A flicker of hesitation. Small, barely perceptible, but I saw it.

He struck again, a lateral cut aimed at my ribs, but his feet had not fully recovered from the lunge and the blow arrived without his weight behind it. I turned it aside with Saicere and stepped off the line, forcing him to pivot on the leg I had already chosen.

His footwork, pristine moments ago, faltered at the edges.

I saw his calm expression tighten ever so slightly as awareness crept in. He tested with a quick thrust, felt the resistance I offered, and pulled back. But pulling back put him where I wanted him, and the next exchange carried him a shade past his balance.

Something was wrong. He no longer understood why this was happening.

But he understood that it was.

Sweat had found the grip of my sword. I shifted my fingers once, settling them. The sun pressed on my shoulders like a hand.

Before he could adjust, I moved.

A single fluid cut. Not deep, but placed where it mattered. A kiss of Saicere across the inside of his thigh.

The kind of cut that did not kill but did not forgive.

Vatis choked a breath, his stance lost in an instant.

He tried twisting past the injury, but something failed. His weight shifted wrong, the knee turning where the muscle could no longer hold it. Something inside the joint gave with a wet, tearing sound, quiet and final.

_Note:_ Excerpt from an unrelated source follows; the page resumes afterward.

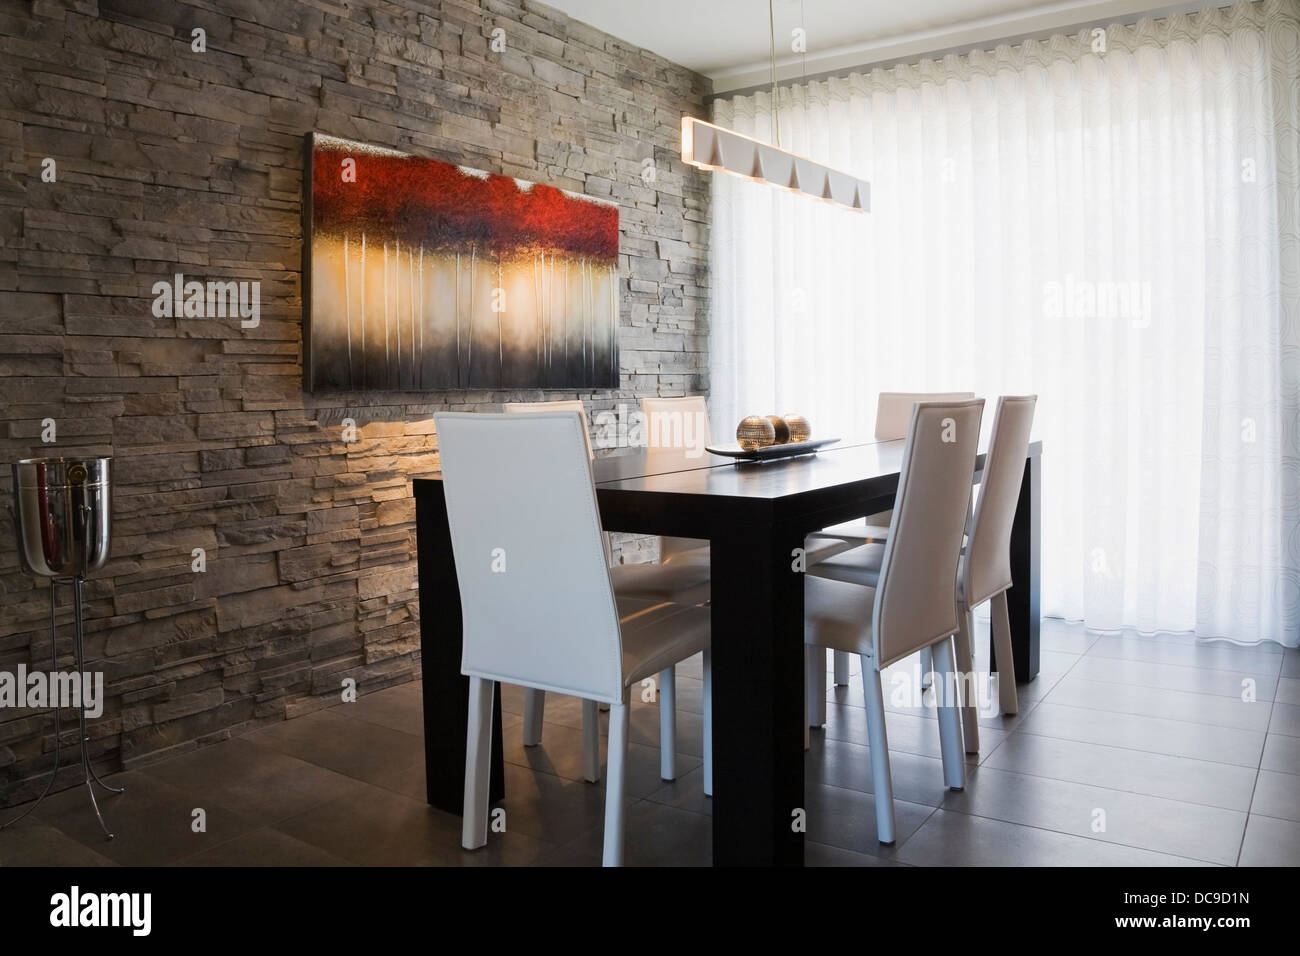 Comedor en el interior de una casa residencial moderna Foto de stock

Then the leg folded and took the rest of him with it. An ugly, sudden collapse, the kind a body makes when something fundamental gives way. He threw his hand out to catch himself and the rapier’s tip caught in the seam between courtyard stones. The blade bowed, flexed, and sprang free with a vicious snap, the flat of it whipping across his cheek and opening a thin line of red beneath his eye before the rapier clattered across the pavers and came to rest in the dust.

The crowd gasped.

I stepped forward and looked down at him. His gaze flickered, not to me, not to the blood darkening his leg, but toward the watching stage. Toward nobles. Toward Ambrose. Toward Fascino, who stood precisely as he had before.

Had his plan truly unraveled? Or was this just a deeper layer? He would not find the answer.

He drew in one hard, shallow breath. He had not yet risen, and his pride was already breaking.

I held Saicere steady. Felt the weight of the moment press into the quiet. Then, finally, I spoke. “Yield. And remember it was an Edema Ruh who let you live.”

Vatis’s eyes found mine. Then, at last, grinding the words out through clenched teeth, came his voice.

“I yield.”

The courtyard held its breath. The crowd had come expecting a familiar tune, and what they had heard was something else entirely.

I caught movement at the edge of the crowd. Fascino turned from the nearest column, shaking his head as though disappointed by a poor hand at cards, and walked away before the first medic even reached Vatis.

Beyond the retreating figure, something else. A flutter of pale fabric in the far cloister.

Auri.

The wind scattered her hair like autumn leaves. She stood still among the stone pillars, and beside her, half in the column’s shadow, stood Trenati. Her brother.

Behind me, the crowd had started to stir. I heard voices rising, uncertain, already beginning to shape what they had seen into something they could carry home and tell. And threaded through the murmur, so faint I might have imagined it.

Kaysera.

A wrong name spoken with the right conviction. That is how stories begin. The truth never catches up.